It all started when my sister wanted me to stay and sit in on her last class in law school. (I doodled to look busy!) Sensing that- for once- she wanted me to stay and I waned to go, naturally, I exploited the opportunity to score some free dinner. It kinda worked! The twenty dollar budget she gave me was surprisingly generous, although simply paying for the dinner would have been the true mark of a gentle(wo)man.
We went to Province. It is a concept (being "green" and all up in your face about it) restaurant, with the decor falling somewhere between A Bug's Life and minimalist, pseudo-zen simplicity. Located in the West Loop, the clientele was mostly older (but not elderly) folks, and the over-tanned sluts- who dress like life is one big bachelorette party- that could be their progeny.

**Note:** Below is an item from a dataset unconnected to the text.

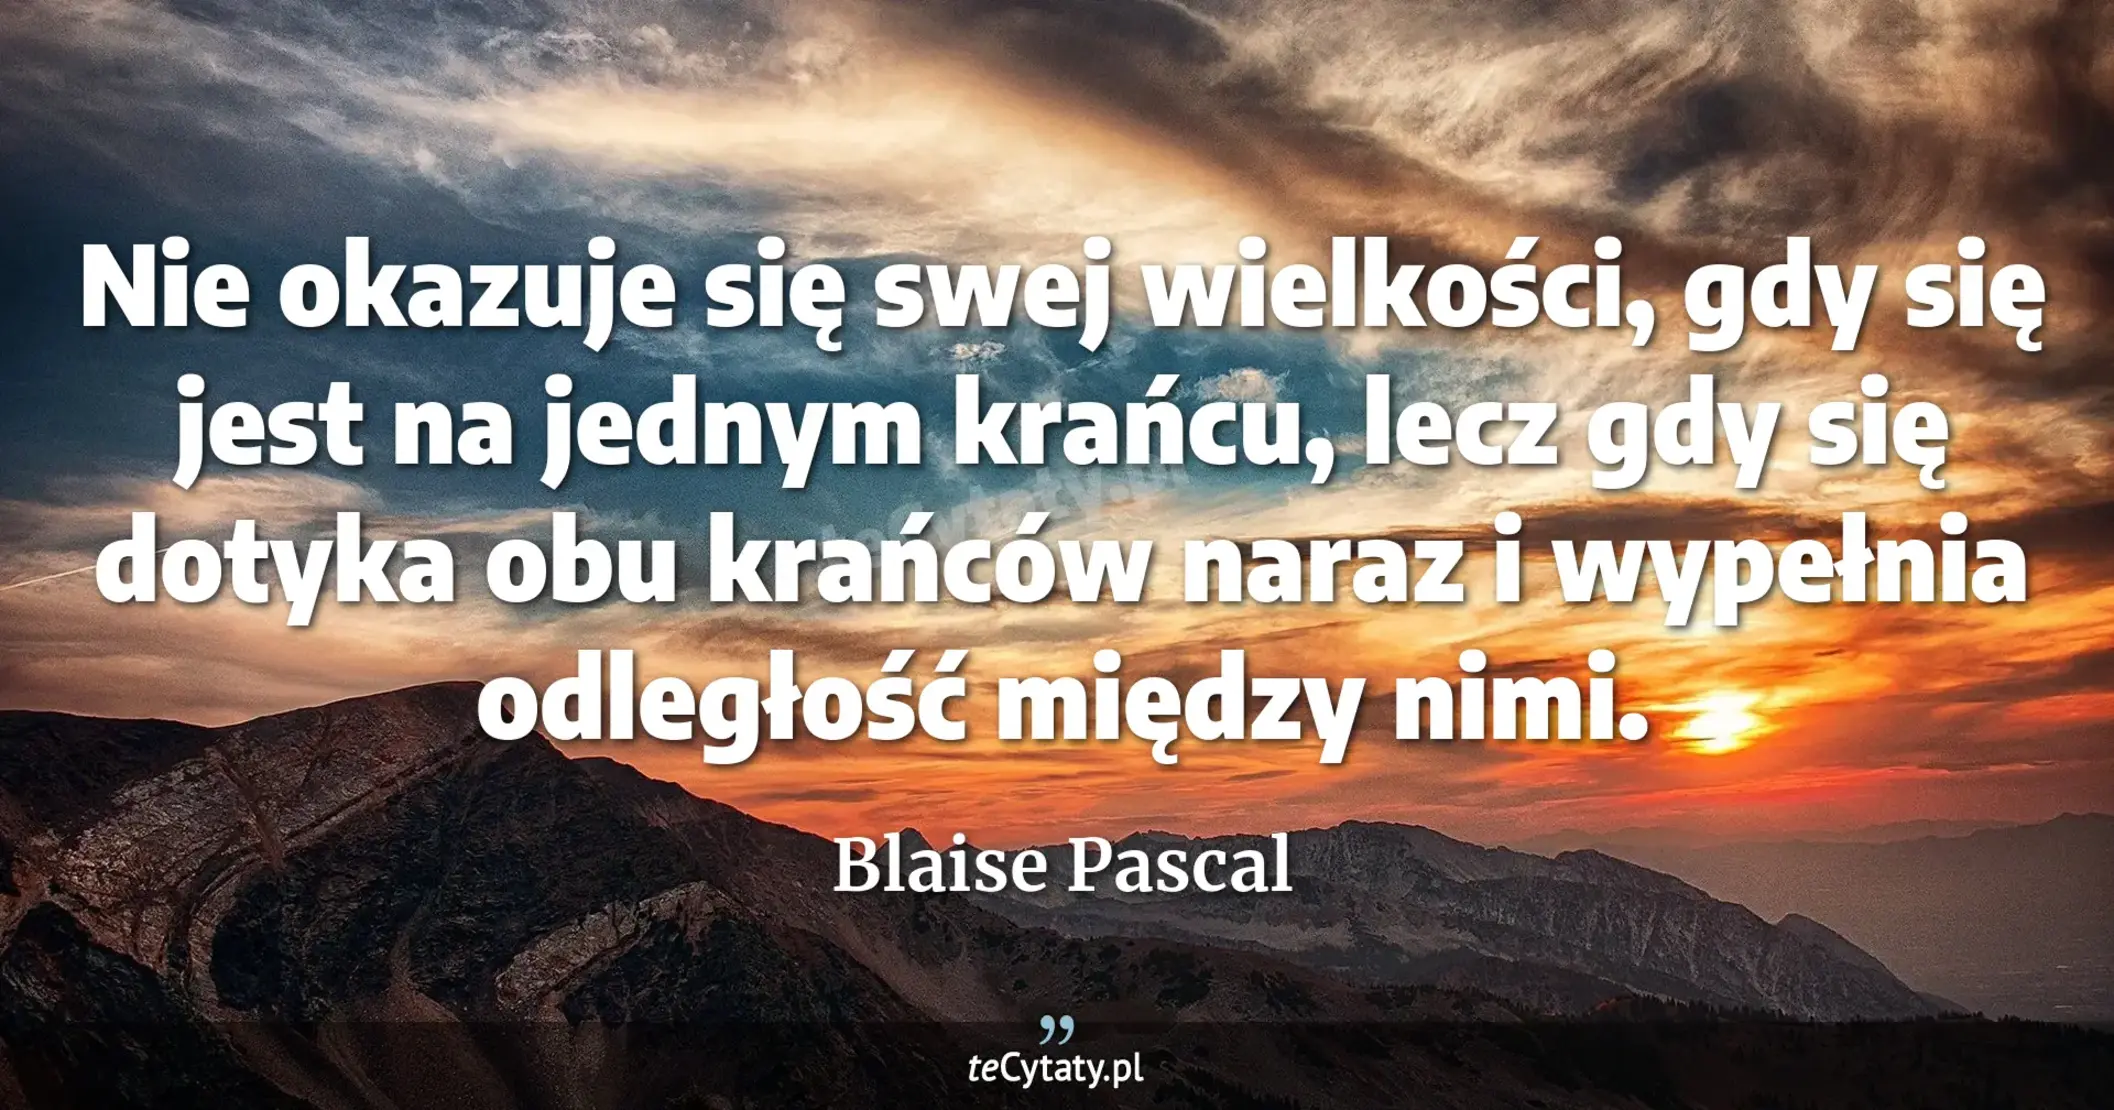 Nie okazuje się swej wielkości, gdy się jest na jednym krańcu, lecz gdy się dotyka obu krańców naraz i wypełnia odległość między nimi. - Blaise Pascal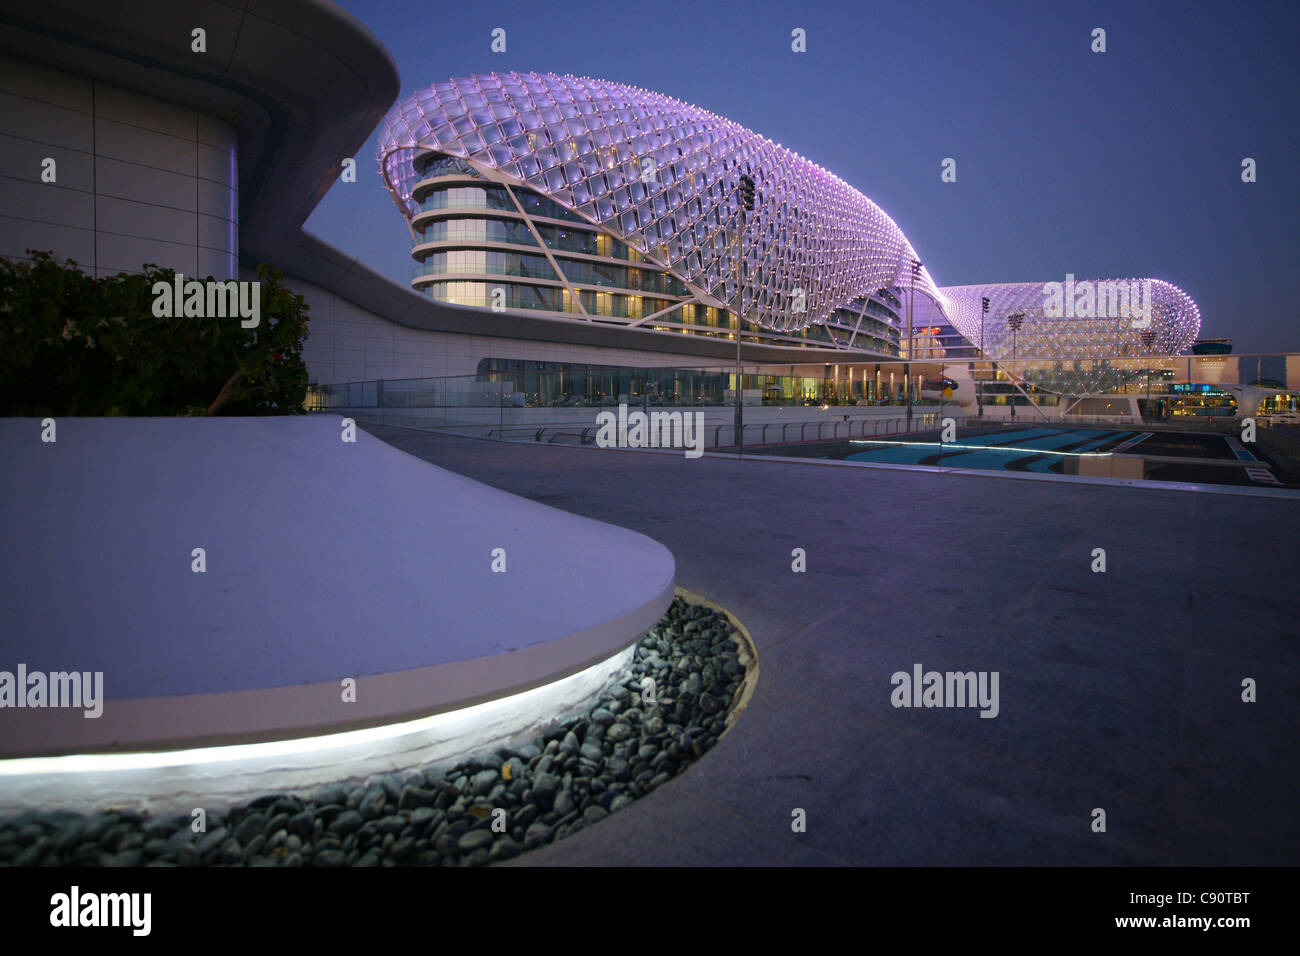 El Yas Hotel, un hotel construido a través de la F1, el Circuito Yas Marina Yas Island, Abu Dhabi, Emiratos Árabes Unidos, EAU Foto de stock

Our waitress was very nice, and I liked her. However, she seemed to abide by the magicians' code of "Always leave them wanting more," because we saw her maybe three times over the course of our two hours there.
Bitching aside, the food was very good. I'll leave it up to Erica "Stabby" S. to spiel about her issues with the service and why she hates vegetables. The menu at Provice is arranged by size: small bites, like oysters, come first; then appetizers, small plates, big plates, and bigger (normal entree size) plates. We each got an appetizer and a big/er plate.
Pictured above is the appetizer Erica got- It is salt, seasoned with flatbread, arugula, something simply called "cheese," and a slow-poached egg. I got Summer Corn Chowder with Crab and some other stuff. It had a slightly spicy zing to it that I enjoyed, but the obvious enthusiasm the chef has for corn overpowered the crab. If it wasn't for the texture across my tongue, I would never had guessed the crab was there at all.
The entrees were very good. Again, I leave it to Erica to explain her over-seared ahi and vegeable drama. I got the Ten Hour BBQ'd Lamb. The menu said it comes with roasted eggplant, chorizo, and cornbread. The size of the dish was more than adequate (you never know what you're gonna get with these concept places) and had two hunks of tender, fat-like-butta lamb, each the size of those superfluous baby shoes people buy for their infants even though they're too young to walk. The meat was luxurious and moist, like Cinemax soft-core in my mouth, and I didn't have to use my knife even once during the meal. My only gripe? The plate looked like a bowl of turdy dog food. The vegetable, chorizo and cornbread (more of a meal than bread) were smushed into one lumpy brown mess resembling something more like coffee grounds and breakfast vomit than the tasty accompaniment it actually was. But hey, if I was so concerned with appearances, I'd stop dressing like I just had a baby and hop on a treadmill. Entree was a win.
For our comped dessert, Erica got a lonely scoop of cinnamon ice cream and I (being way more fun than her) got the peanut butter and chocloate flan "sandwich." The flan was from the firm school of pudding-making, but I guess it was necessary in order to support the crispy, cookies 'n cream square between the two flavors, as well as the scoop of chocolate sorbet on top. Another win.
Overall, the food was awesome but the service sucked. Powerful sucked. I wish we could have tipped the busser/expo guy instead. 6.7 smugly bragging seasonal locavores in backless dresses out of 9.